**Work item**
From the first line onward, reproduce the records exactly; the final line to include is the one holding "Dimmer Glühlampen, Unterputz-Schaltersystem".

**Records from a data collection**
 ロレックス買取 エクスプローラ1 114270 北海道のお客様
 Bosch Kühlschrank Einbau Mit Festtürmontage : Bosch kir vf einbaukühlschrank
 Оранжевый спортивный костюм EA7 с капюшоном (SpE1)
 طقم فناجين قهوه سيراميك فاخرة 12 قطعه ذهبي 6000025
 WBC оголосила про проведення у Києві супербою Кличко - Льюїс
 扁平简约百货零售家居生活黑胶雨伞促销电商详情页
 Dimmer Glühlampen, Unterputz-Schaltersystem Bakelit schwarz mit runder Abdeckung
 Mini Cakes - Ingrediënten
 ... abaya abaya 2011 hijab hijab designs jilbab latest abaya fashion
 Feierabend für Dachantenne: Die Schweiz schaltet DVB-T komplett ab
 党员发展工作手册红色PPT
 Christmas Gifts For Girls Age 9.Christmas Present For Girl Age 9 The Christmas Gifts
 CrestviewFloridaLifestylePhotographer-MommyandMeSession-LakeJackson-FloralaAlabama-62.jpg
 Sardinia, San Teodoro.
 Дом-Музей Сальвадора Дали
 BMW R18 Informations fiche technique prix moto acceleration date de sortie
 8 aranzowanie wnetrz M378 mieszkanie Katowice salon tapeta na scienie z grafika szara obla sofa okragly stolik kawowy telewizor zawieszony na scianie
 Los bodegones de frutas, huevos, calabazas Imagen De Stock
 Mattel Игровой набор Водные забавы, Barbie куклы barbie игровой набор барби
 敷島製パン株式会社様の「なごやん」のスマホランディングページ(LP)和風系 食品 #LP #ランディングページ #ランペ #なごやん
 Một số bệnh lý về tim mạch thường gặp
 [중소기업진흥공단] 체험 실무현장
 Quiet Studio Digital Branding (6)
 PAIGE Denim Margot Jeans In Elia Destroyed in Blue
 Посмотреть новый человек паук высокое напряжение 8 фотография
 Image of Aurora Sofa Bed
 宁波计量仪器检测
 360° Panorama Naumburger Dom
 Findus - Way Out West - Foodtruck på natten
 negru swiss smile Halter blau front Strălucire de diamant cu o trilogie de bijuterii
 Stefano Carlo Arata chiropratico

**Exercise answer**
 ロレックス買取 エクスプローラ1 114270 北海道のお客様
 Bosch Kühlschrank Einbau Mit Festtürmontage : Bosch kir vf einbaukühlschrank
 Оранжевый спортивный костюм EA7 с капюшоном (SpE1)
 طقم فناجين قهوه سيراميك فاخرة 12 قطعه ذهبي 6000025
 WBC оголосила про проведення у Києві супербою Кличко - Льюїс
 扁平简约百货零售家居生活黑胶雨伞促销电商详情页
 Dimmer Glühlampen, Unterputz-Schaltersystem Bakelit schwarz mit runder Abdeckung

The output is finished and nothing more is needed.